Last week, in preparation for the festival, I went to a comedy gig every night. It really does take the romance out of the experience. Not that comedy is terribly romantic. (Romance can be pretty funny though. I still have, in my room, a home-made necklace from a "boyfriend" in high school. When I say necklace, what I really mean is a short length of hose on a piece of string with "I *heart* LORIN" written on it in white-out.)

So, romance is funny. Comedy, well, sometimes it's funny.

When it's almost midnight and some idiot you've never heard of is up there telling another poof joke disguised as an accidental slip up... Not so funny.

Just saying.

The Comedy Festival is pretty huge. Choose wisely.

In other news, Rita and I had a meeting this morning with some people who don’t exist. We met with this cool company called Eskimo (click here) who do everything from graphic design to DVD authoring. An Australian telecommunications company that shall remain nameless but which (if you believe their TV ads) is run by a whole lot of yawning rhinos and screeching baboons, was attempting to convince them over the telephone that they didn’t exist and that they probably never had.

Despite the obvious setbacks associated with their not existing, however, the meeting was fruitful and we’re now busy with film things again. We’re also working towards a cast and crew screening in the week beginning May 15. That’s 2006, for those of you who think you’re clever.

And no, that’s not a promise. Shut up.

Tragicomedy

Last night I got heckled at a comedy gig.

No, I wasn't on stage. I was in the audience. Yianni was on stage. He's the one who heckled me.

I love working with comedians.

To be fair, I kind of had it coming. I'm working on my reputation as a hard-arse director who doesn't let anyone get away with anything. Except for a public heckling. He's allowed to get away with that because he has to have an outlet for the pent up rage and frustration of being subjected to my forensic precision day after day in the pursuit of a better final product.

I like to think of Yianni as a ballerina and me as the artistic director with the big stick and the limp from that injury years ago that put an end to my brilliant career in dance.

But there’s no need to tell Yianni that, if you see him.

Now, if life were a Shakespeare play at the moment, it would definitely be a tragicomedy.
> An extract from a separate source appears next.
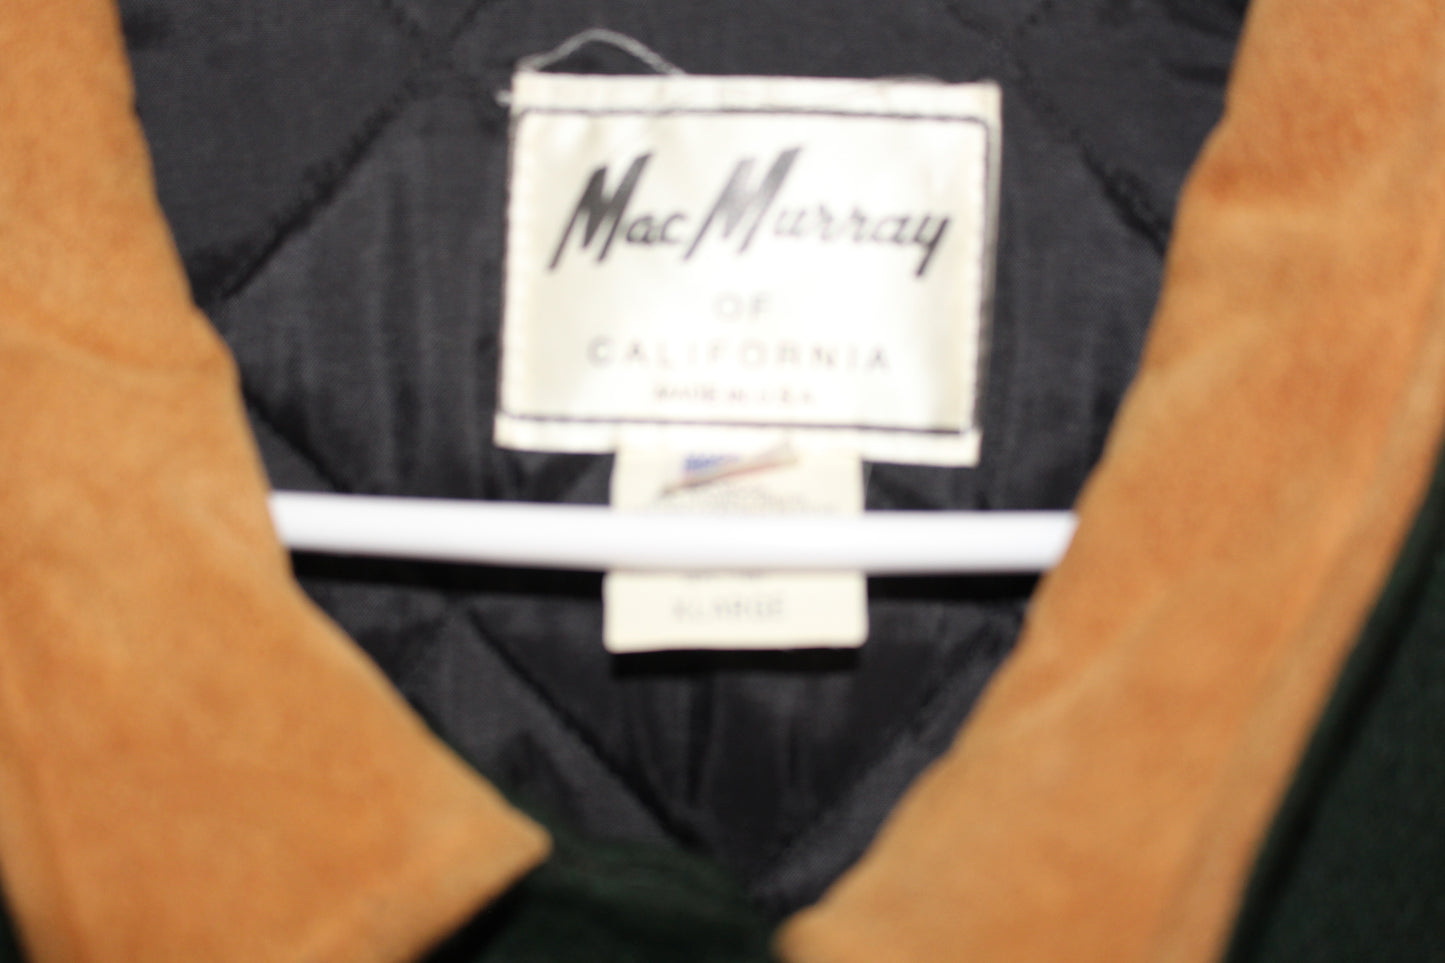 Rare SeaWorld Mac Murray Suede & Wool Bomber Jacket (XL)

All this face-achingly ridiculous comedy that I’m going to night after night at various different venues around Melbourne, juxtaposed against a couple of really quite tragic events. Namely the departure of Nick Jaffe, the brilliantly named (it was him, not me) Internet Butler for Standing There Productions.

Nick, who we originally knew through Stewart, our Director of Photography, from Art School, volunteered to help out on our film, I Could Be Anybody. Turned out, he was nearly everybody. I can’t remember what credit we ended up giving him, but there wasn’t a credit that said “nearly everything”, so we just short-changed him completely.

Anyway. Nick is leaving us to live in Germany. We’re trying not to take it personally. I went to his going away party the other night and someone accidentally burned a hole in my neck with a cigarette. A lasting scar to remind me of the metaphorical hole left in Standing There Productions now that Nick can only provide his Internet Butlering service from overseas.

Nick, we will miss you. Probably more than we’ll give you credit for. As usual.

As for the other “tragedies” in life at the moment, well they’ve been eclipsed now. I can’t remember them. Probably just things like me wearing brown with black. But needless to say Shakespeare would find a way of weaving it all in to the Comedy Festival/Nick leaving subplots in a way that was both poignant and naughty.

But I’m not Shakespeare. So, in summary: comedy is funny and it’s sad that Nick is leaving. Turn it into a rhyming couplet and I’ll get you a free ticket to the Comedy Festival.